In FIG. 2, system 100 includes data store 100, which stores
analysis program 120, and which is accessible by processor 150.
Processor 150 is coupled to graphical user interface 160. Processor
150 includes memory 152. Processor 150 loads some or all of the
programming of analysis program 120 into memory 152, and executes
the machine code of analysis program 120. Processor 150 may present
the results of the analysis on GUI 160.
[0024] Analysis program 120 includes sentiment monitor 122,
sentiment extractor(s) 124, sentiment aggregator 126, and sentiment
feature analyzer 128. These modules apply to the sentiment layer 20
of FIG. 1. The analysis program 120 also includes news event
monitor 132, news extractor(s) 134, news aggregator 136, and news
feature analyzer 138. These modules apply to the news layer 40 of
FIG. 1. The analysis program 120 further includes time series
correlator 142, de-convolutor 144, event navigator 146, event
describer 148, and models 145. The function of these components is
described below.
[0025] The processor 150 operates on sentiment-feature data
collected as a time series of numeric values, cf(t). The sentiment
feature time series cf(t) is derived from sentiments for a
particular topic and represents time-varying interestingness
measures. Topics may be input by an operator of the system. The
topics may be input to both the sentiment monitor 122 and the news
monitor 132 to monitor for, and allow the extraction of, sentiments
and news, respectively. For example, the system operator could
input "all sentiments and news for topic `TouchPad.`" The
sentiments and news features may be extracted automatically from
documents by keywords appearing in a title, term frequency-inverse
document frequency (TF-IDF), latent Dirichlet allocation (LDA), or
other methods. The extracted news and sentiment features may be
matched based on co-mentioning of keywords. In an embodiment, a
topic is chosen based on a number of expressed individual
sentiments. Along with the sentiment time series, the processor 150
uses an interestingness measure-specific correlation function p(cf,
nf), which the processor 150 uses to compute a real-valued
correlation coefficient between cf(t) and a news feature time
series represented by a function nf(t).
[0026] More specifically, the processor 150 operates to solve a
general problem that can be decomposed into a set of two
sub-problems: [0027] Given pp(cf,nf), cf(t) and nf(t), determine a
time lag between the two time series, or a list of several most
probable time lags, ranked according to their correlation
coefficient. [0028] Having identified an interesting sentiment
change at a time t, determine and annotate events that preceded
this situation by analyzing relevant news story (stories). A
solution to the above-stated problem may involve modeling a
news-sentiment interaction to allow identification of a causative
relevant news event. Similarly, news stories and news events have
their own kind of interaction, and this interaction is modeled and
analyzed by the system 100 for an accurate aggregation of news
stories. Finally, a solution to the problem allows analysts to
predict future sentiment shifts based on a selected news event.

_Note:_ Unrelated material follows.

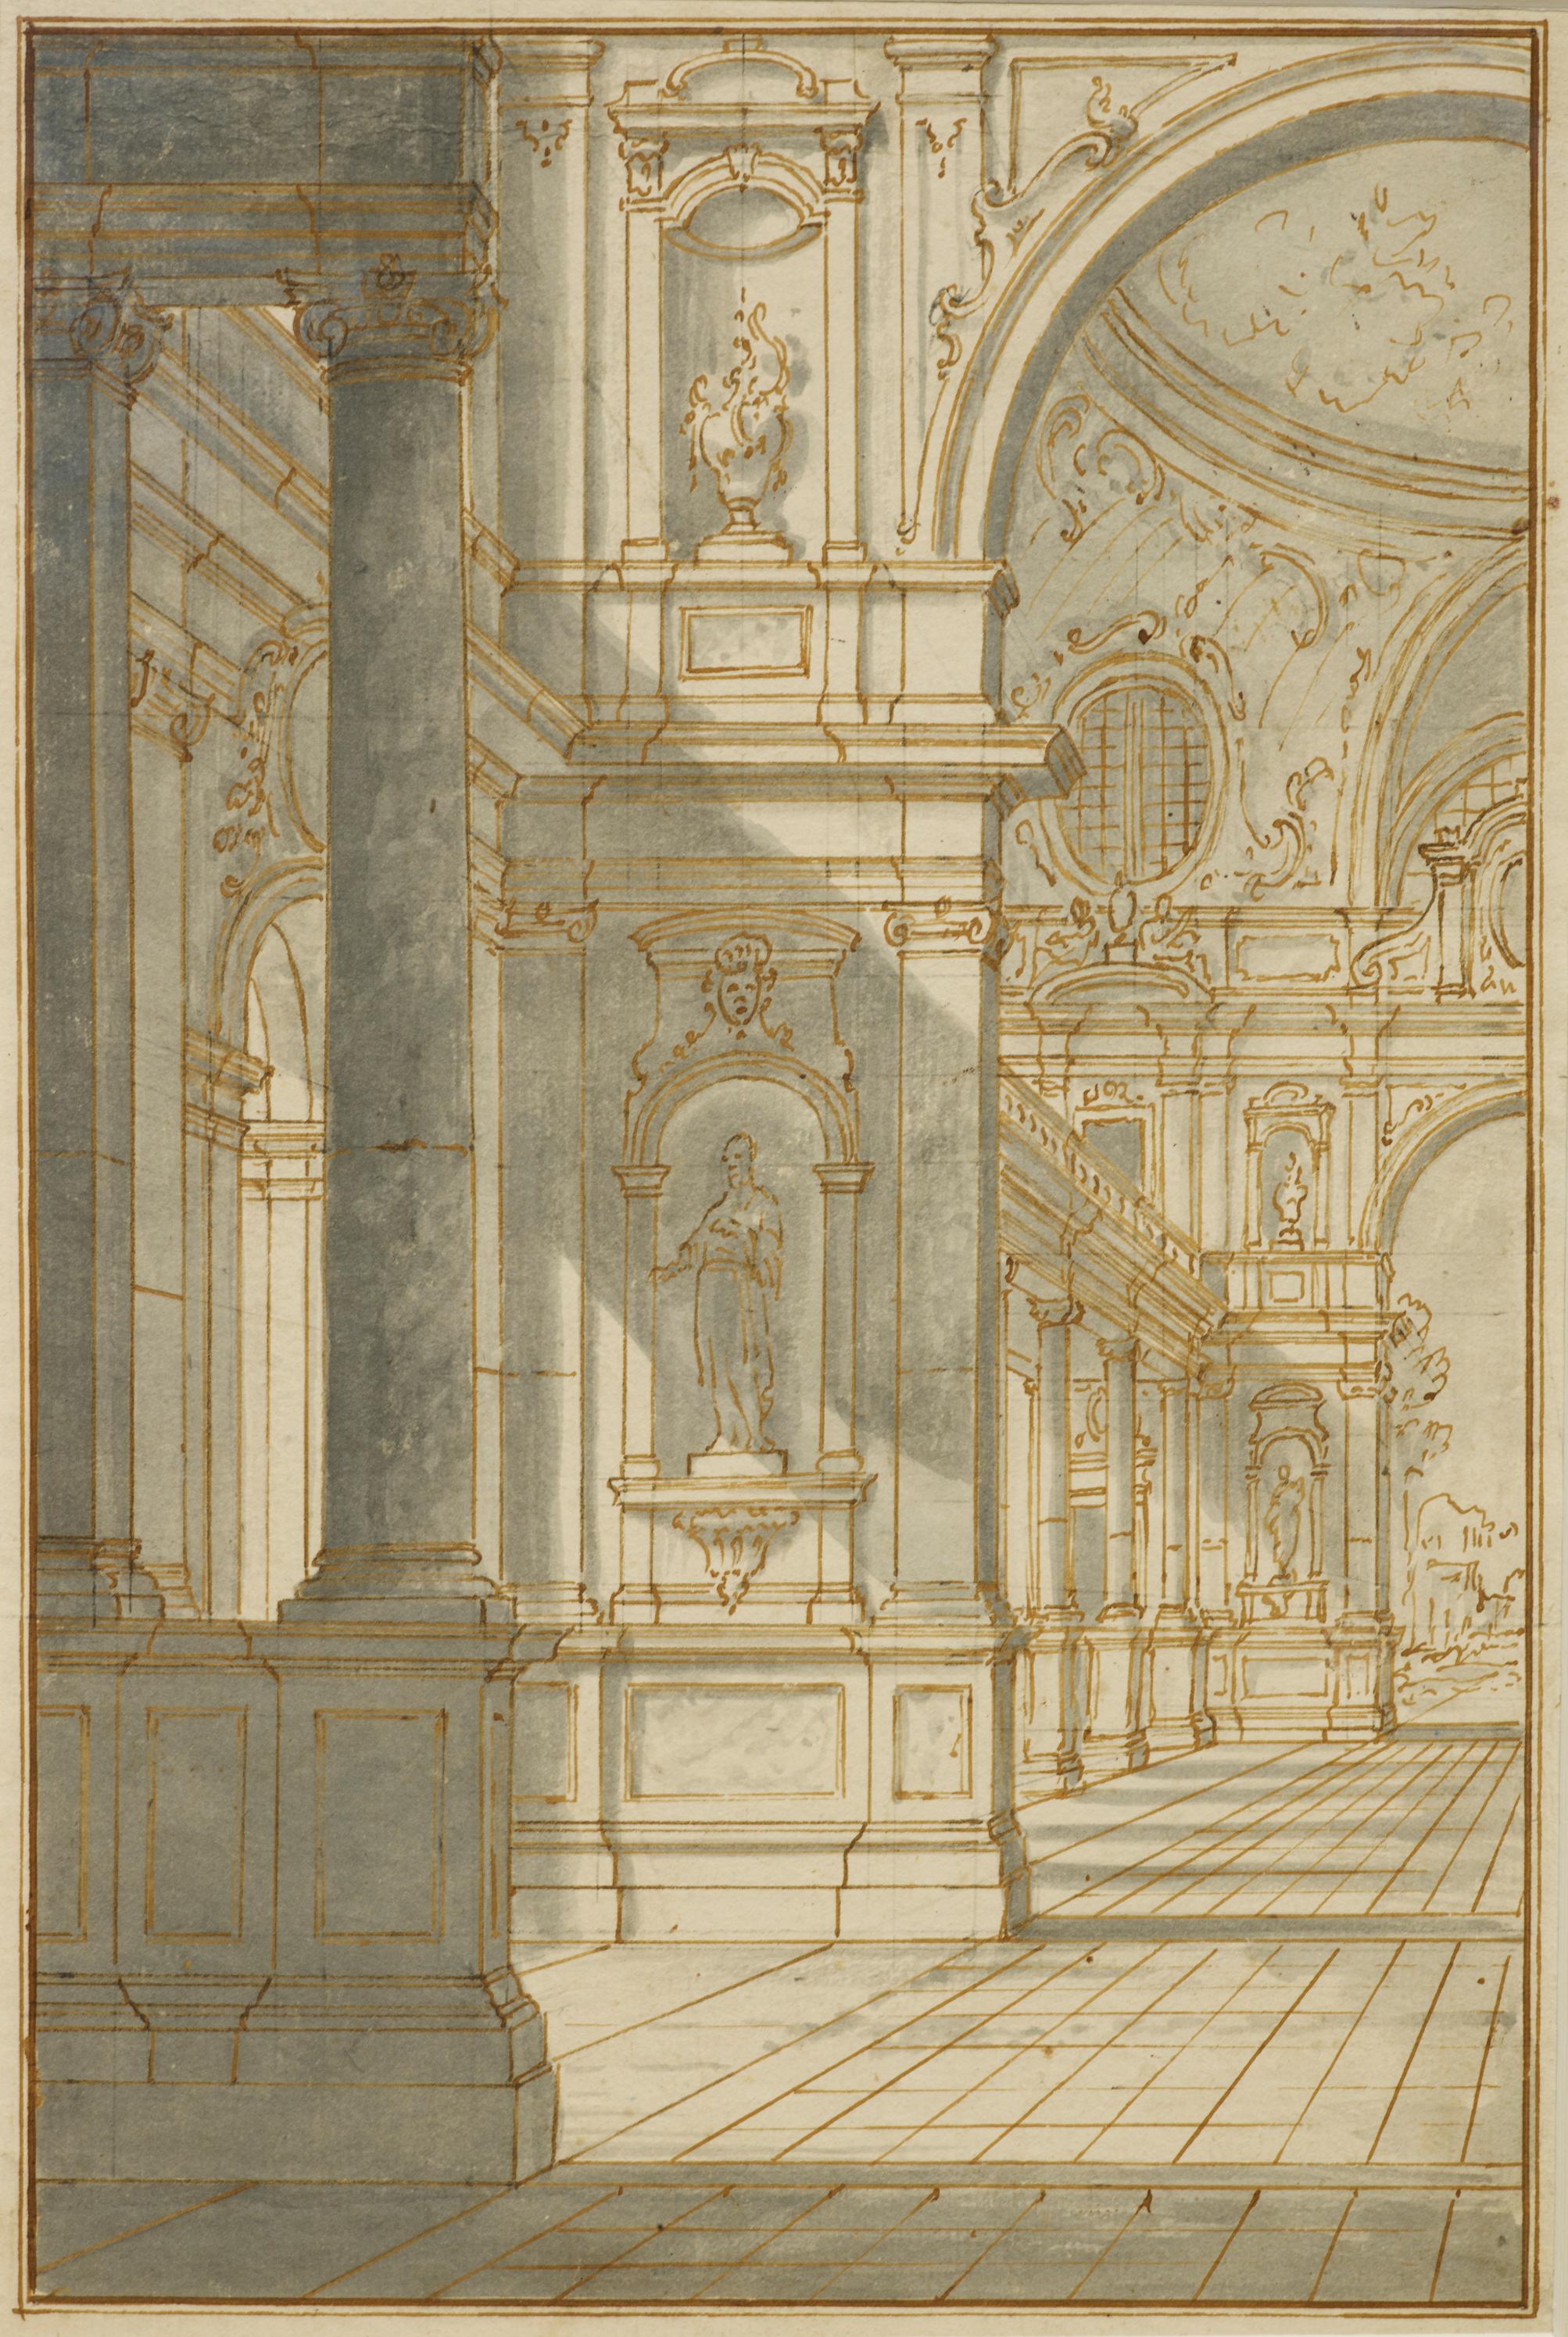 Die Technik dieser leuchtenden architektonischen Zeichnung mit ihrer strengen Perspektive ist perfekt repräsentativ für die Kreationen der Vedutisten der venezianischen Schule des 18. Jahrhunderts. Ähnliche Zeichnungen unterstützen die Zuschreibung

[0029] Returning to FIG. 1, the general approach to solving the
causative news event identity involves three general areas of data
acquisition, inquiry and analysis: news layer 40, sentiment layer
20, and correlation layer 30. These layers represent independent
data collection, inquiry, and analysis streams. Thus, these layers
are universally applicable to analysis of news events and
responsive sentiments. For example, the correlation layer 30 works
with an abstract time series, and although the correlation layer 30
is used to map the corresponding points between sentiment and news
time series, the mapping may be done at a time series level.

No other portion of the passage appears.